The useful question is where the workload has to run, not which runtime sounds more advanced.
How this should shape your usage
Use MLX when the machine boundary is Apple silicon.
Do not write MLX as if you are porting CUDA line by line. Let MLX own the device scheduling where possible. Keep arrays in MLX, avoid unnecessary NumPy round trips, evaluate deliberately, and compile stable hot paths. If a model already has a good MLX implementation or MLX LM support, start there before reaching for a more generic runtime.
Use CUDA when the machine boundary is NVIDIA hardware.
Do not start by writing kernels. Start with the highest-level library that already solves the problem: PyTorch, JAX, cuDNN, cuBLAS, TensorRT, Triton, or a serving stack built for NVIDIA GPUs. Drop lower only when profiling shows that the abstraction is the bottleneck.
The worst choice is to ignore the hardware shape.

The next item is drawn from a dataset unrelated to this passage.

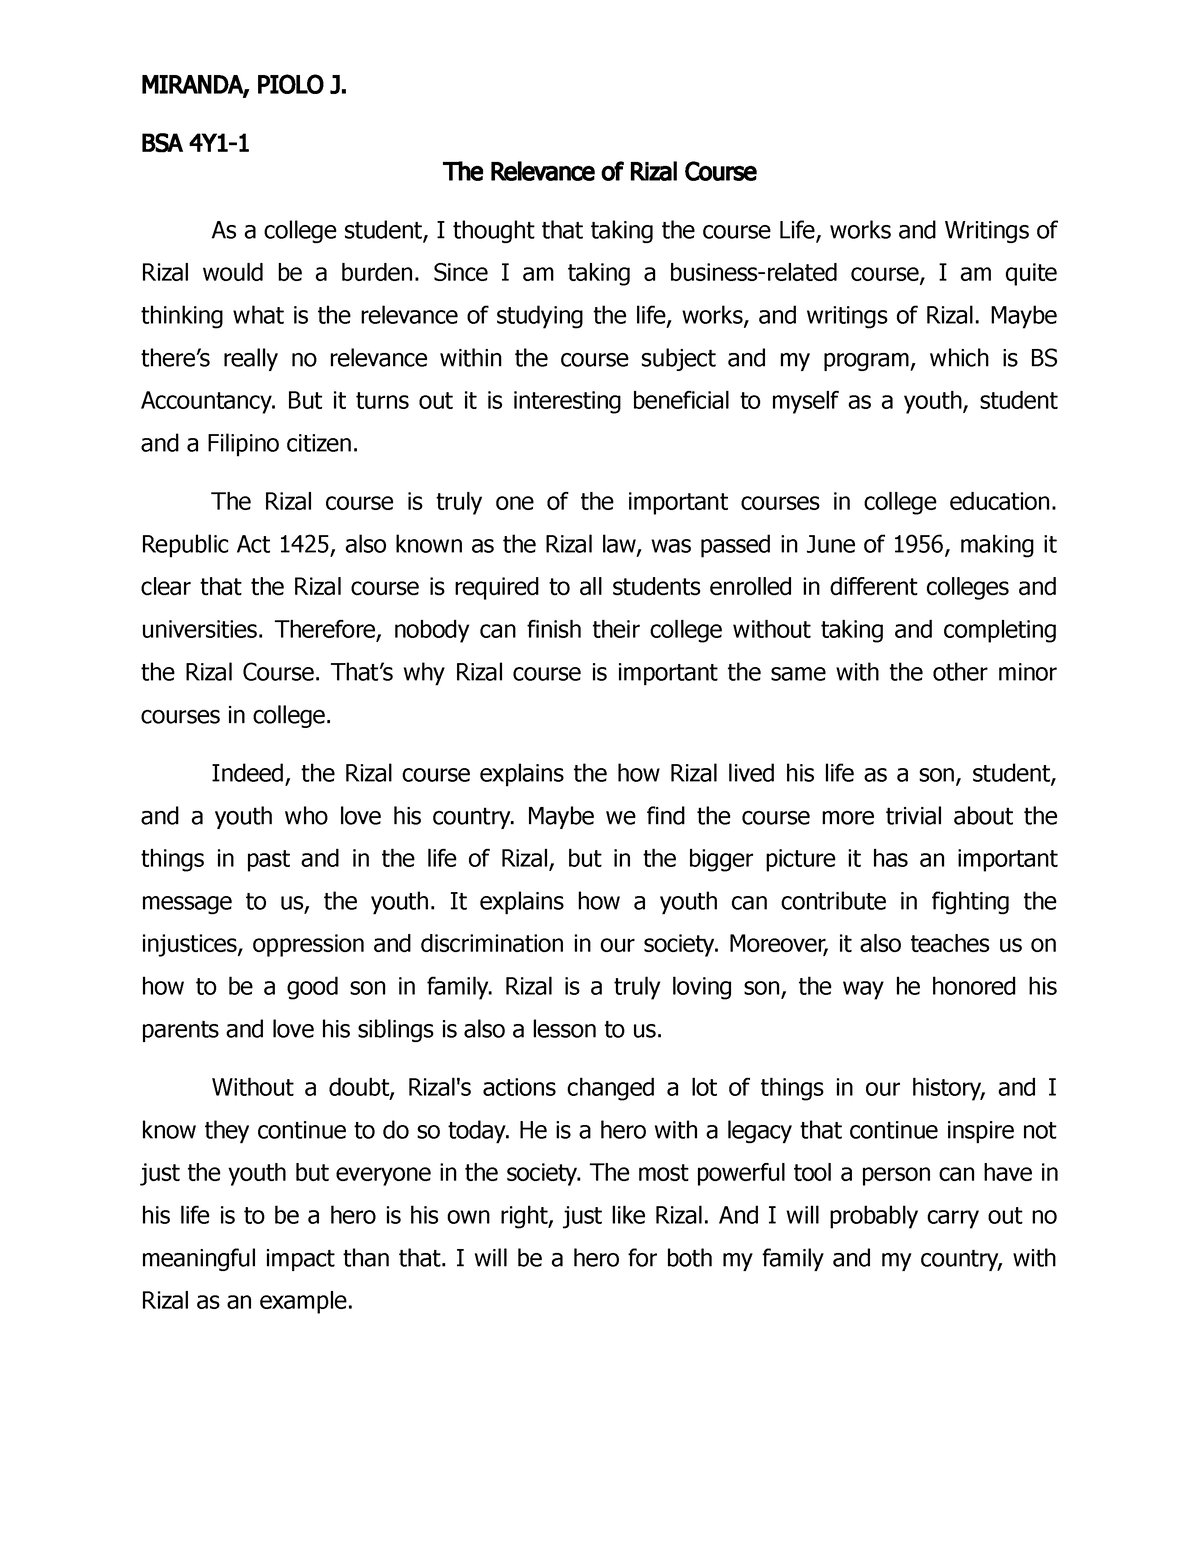 paragraph personal essay on the relevance of the rizal course

A CUDA mental model on Apple silicon can lead you into unnecessary transfer thinking and awkward ports. An MLX mental model on NVIDIA can make you underestimate memory placement, distributed communication, and the value of the mature CUDA library stack.
A practical decision rule
Choose MLX if the answer to these questions is mostly “yes”:
- Will this run primarily on Apple silicon?
- Is local execution more important than maximum throughput?
- Does the model fit well in unified memory?
- Is the workload inference, experimentation, or modest fine-tuning?
- Do you want a clean Python or Swift path for Mac-native ML?
Choose CUDA if the answer to these questions is mostly “yes”:
- Will this run on NVIDIA GPUs in production?
- Do you need multi-GPU or multi-node scaling?
- Are you training large models or serving many concurrent users?
- Do you depend on the wider PyTorch/JAX/TensorFlow CUDA ecosystem?
- Is profiling and kernel-level optimisation likely to matter?
If both sets of answers are “yes”, separate the jobs. Use MLX for Mac-local development and user-side inference. Use CUDA for training, production serving, and workloads where the NVIDIA ecosystem is already doing useful work for you.
That is usually cleaner than trying to crown one of them as universally better.